Salzgurken selbst einlegen – fermentierte Gurken mit Dill und Knoblauch
Kein Essig, kein Einkochen, kein Zucker – nur Gurken, Salz und Zeit. Salzgurken sind die vielleicht einfachste Art, Gurken haltbar zu machen, und schmecken dabei lebendiger als alles aus dem Glas vom Supermarktregal.

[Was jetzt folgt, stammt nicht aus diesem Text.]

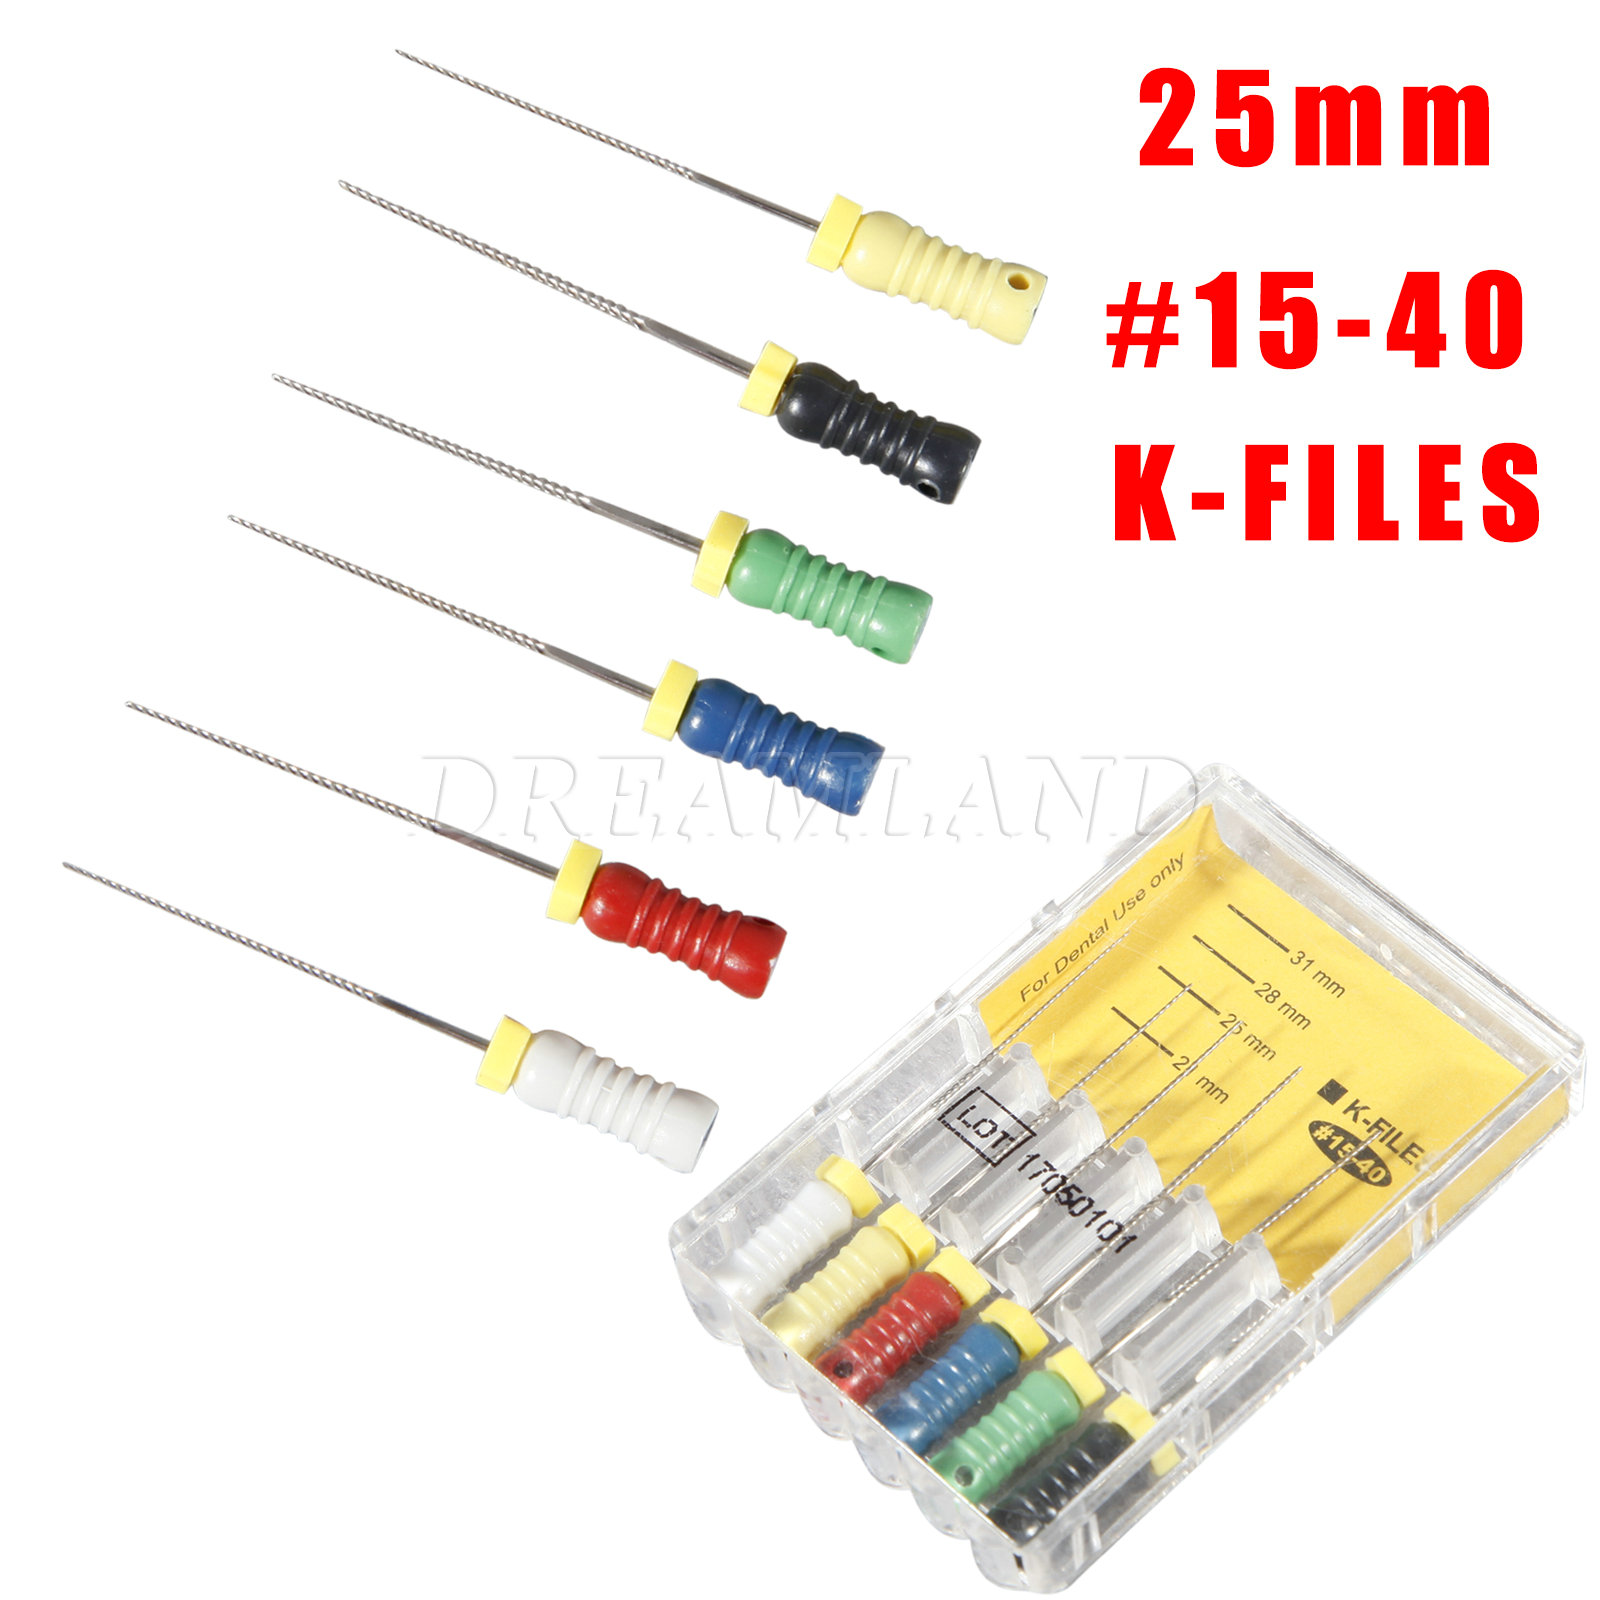 5 X Dental K-FILES 25mm #15-40 Stainless Steel Endo Root Canal File ...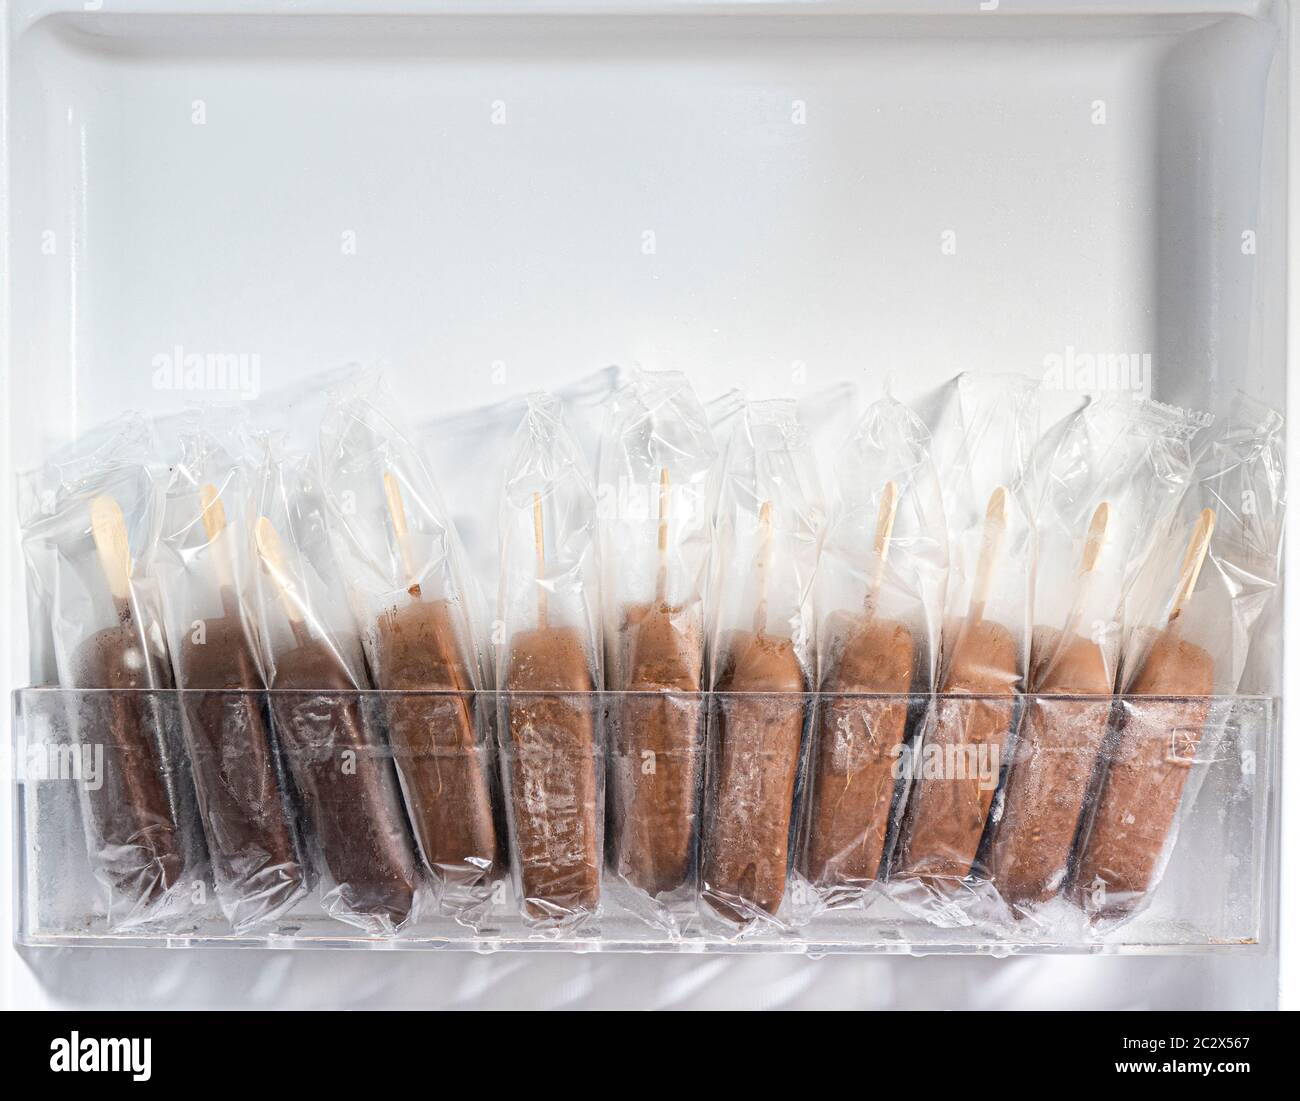 Closeup of 11 unbranded chocolate coated ice cream lollies in transparent wrappers, standing in a row in the open door of a freezer. Stock Photo

Salzgurken sind der Inbegriff des sommerlichen Vorratmachens: Wenn die Gurken im Garten schneller wachsen, als man sie essen kann, wandern sie mit Dill und Knoblauch ins Glas. Anders als Essiggurken kommen sie völlig ohne Essig aus. Ihre feine Säure entsteht ganz von selbst durch Milchsäuregärung – denselben natürlichen Vorgang, der auch aus Kohl Sauerkraut macht. Das Ergebnis sind knackige, würzig-saure Gurken mit einem lebendigen, komplexen Geschmack und wertvollen Milchsäurebakterien. Man braucht dafür weder Erfahrung noch Spezialausrüstung, sondern nur ein sauberes Glas, gutes Salz und ein bisschen Geduld. Dieses Rezept zeigt Schritt für Schritt, wie es zuverlässig gelingt – und wie die Gurken schön fest bleiben.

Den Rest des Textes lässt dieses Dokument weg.